Tuesday, April 6, 2021

The Insidious Nature of Sunk Opportunity Cost

For this article I wanted to take a look at two concepts and pair them together. The first is the idea of sunk cost. This is cost that has already been paid. Often times this concept helps show a fallacy of “well, I am already this far, might as well keep going”. When you don’t know the bottom of a cost, it doesn’t make sense to keep going with a cost that’s not paying off. This is like investing in a “money pit” where your money keeps disappearing.

The second idea I want to add in is opportunity cost. This idea is basically that every action you take, can close off other actions. The classic analogy of this is that you can’t “have your cake and eat it too”. You can only do one thing and by doing that one thing, other ways are closed off to you. These other ways that are closed off are called an opportunity cost.

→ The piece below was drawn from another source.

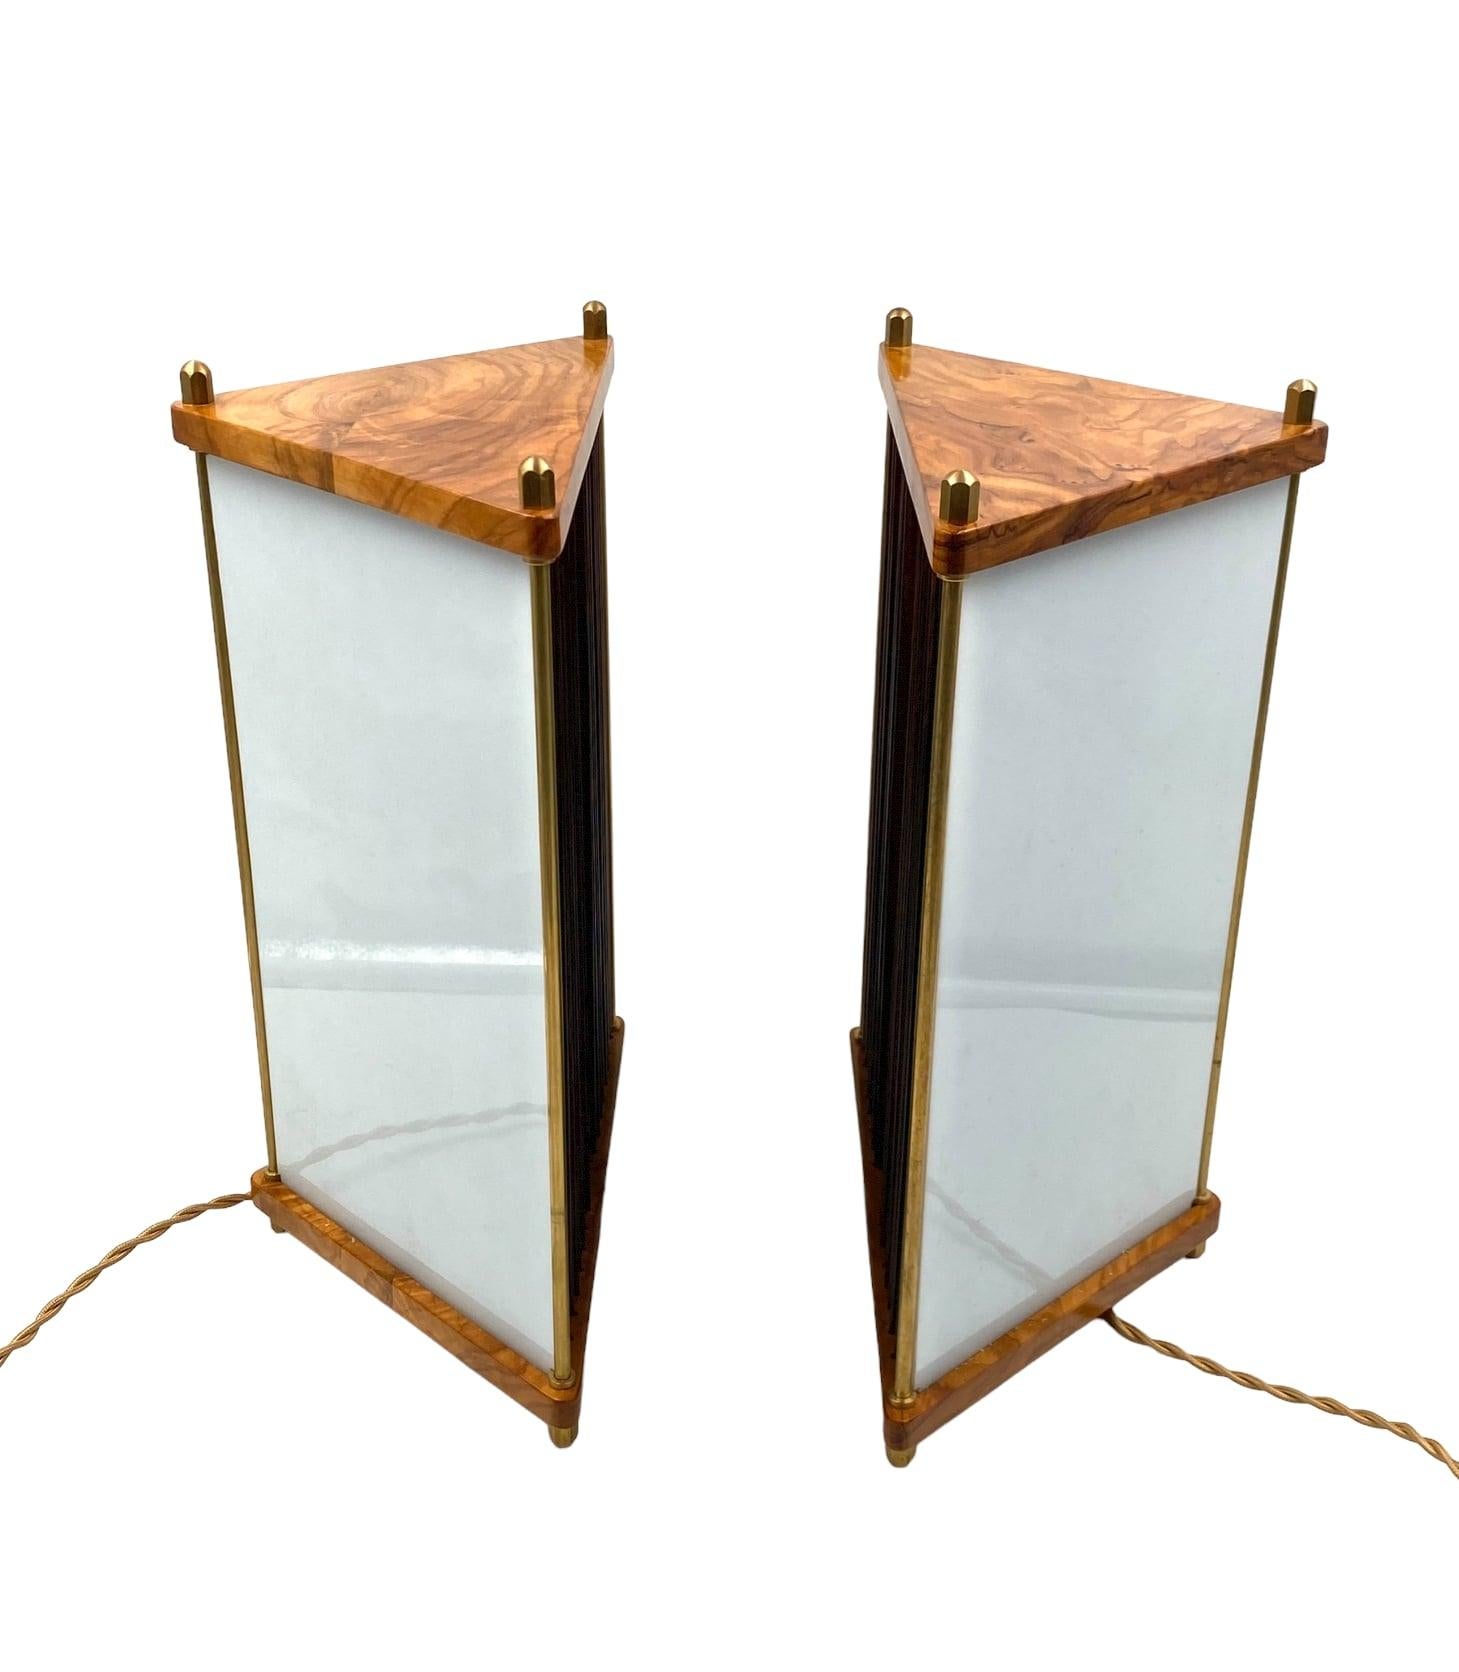 Leonardo Mosso, 2 Wood and Brass Table Lamps, Italy, 1970s For Sale 6

I want to take a moment and combine these two concepts. A sunk opportunity cost is continuing with a method because you are familiar with it. Consider it like being “stuck in your ways”, even when those ways don’t pay off. I wanted to take a moment and bring this up because I’ve been trying some promotions. Each of the promotions I’ve been trying don’t seem to work. The question I then need to ask is “am I trying too similar of promotions”? Am I simply stuck in my method of experimentation and not navigating out to a larger picture?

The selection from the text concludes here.